- _PROVIDED DATA_
----------------------------------------

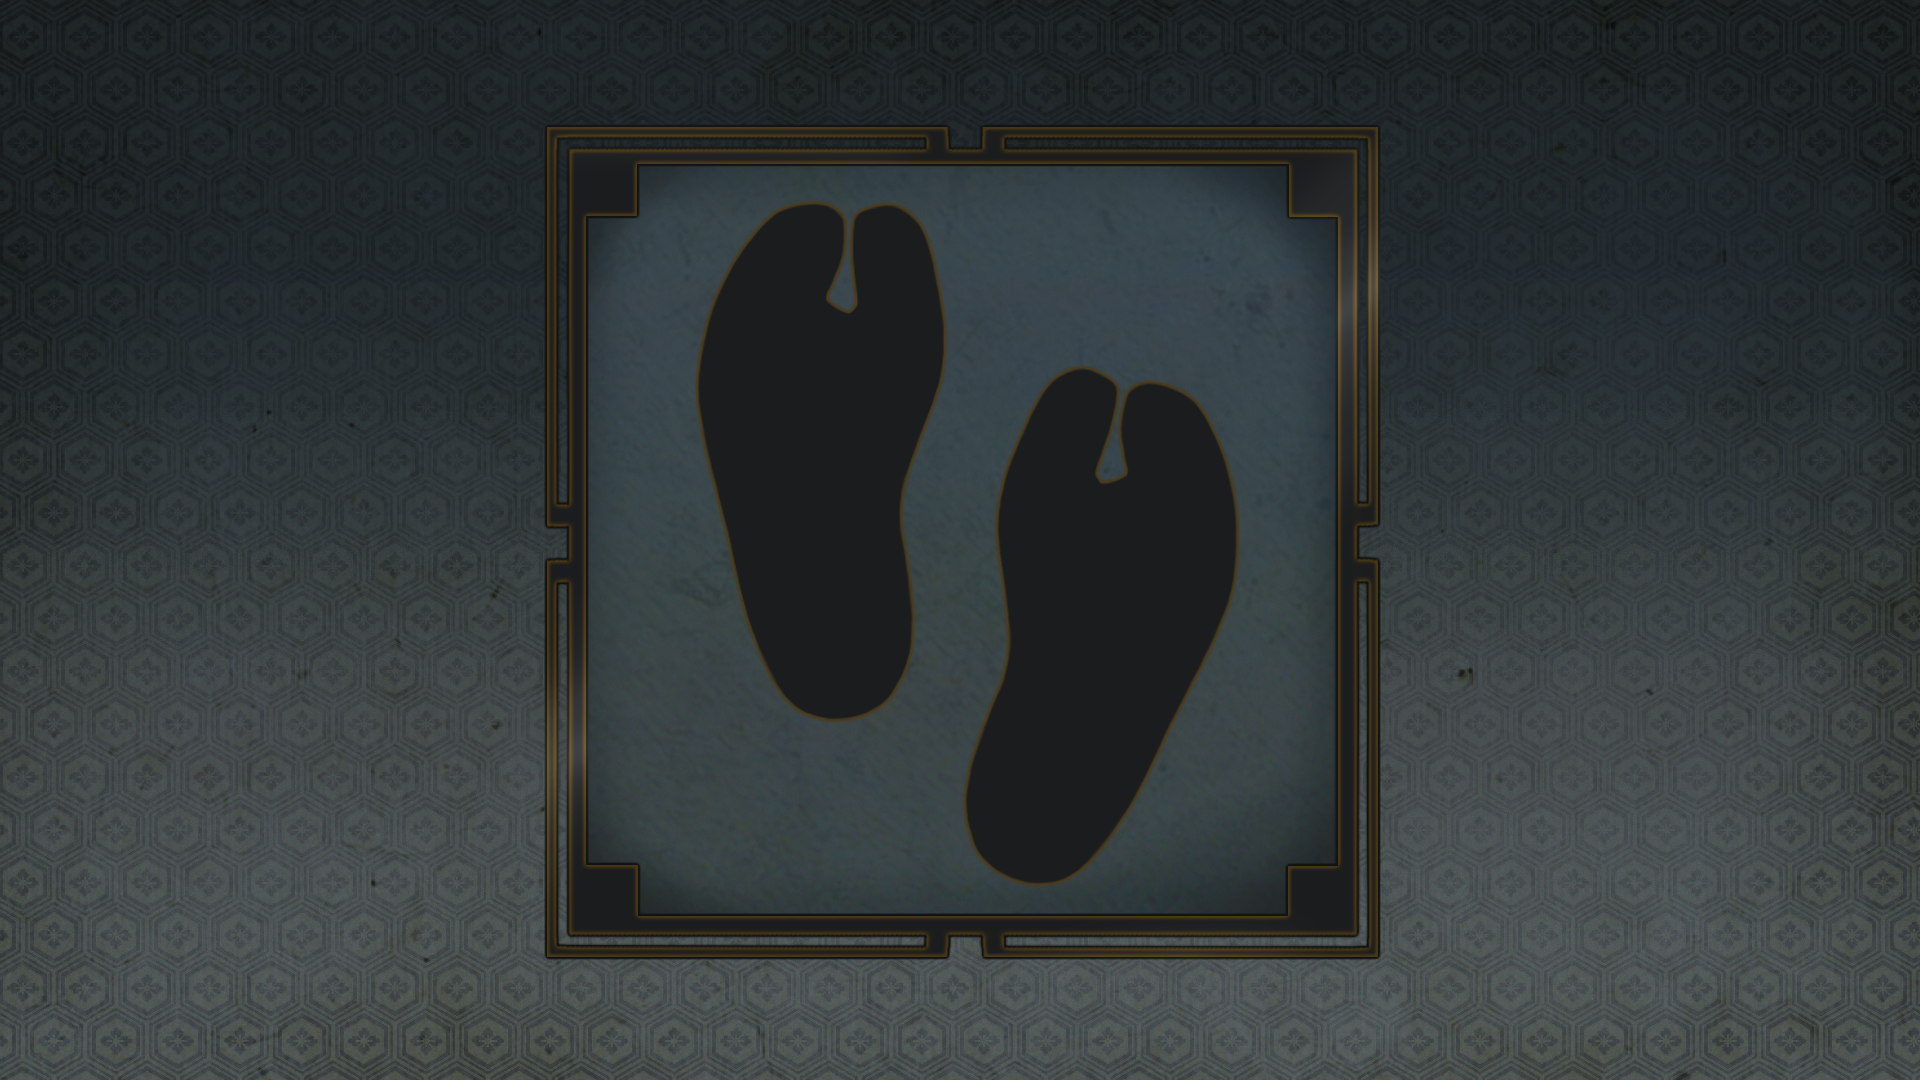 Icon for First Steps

----------------------------------------

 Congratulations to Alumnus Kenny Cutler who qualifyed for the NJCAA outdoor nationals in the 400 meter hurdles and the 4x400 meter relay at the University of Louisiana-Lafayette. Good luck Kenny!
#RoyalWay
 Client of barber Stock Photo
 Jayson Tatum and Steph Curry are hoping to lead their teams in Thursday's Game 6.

----------------------------------------

Above are some lines. Repeat exactly, and only, those from the line that has "Client of barber Stock Photo" through the line that has "Jayson Tatum and".

- _TASK SOLUTION_
 Client of barber Stock Photo
 Jayson Tatum and Steph Curry are hoping to lead their teams in Thursday's Game 6.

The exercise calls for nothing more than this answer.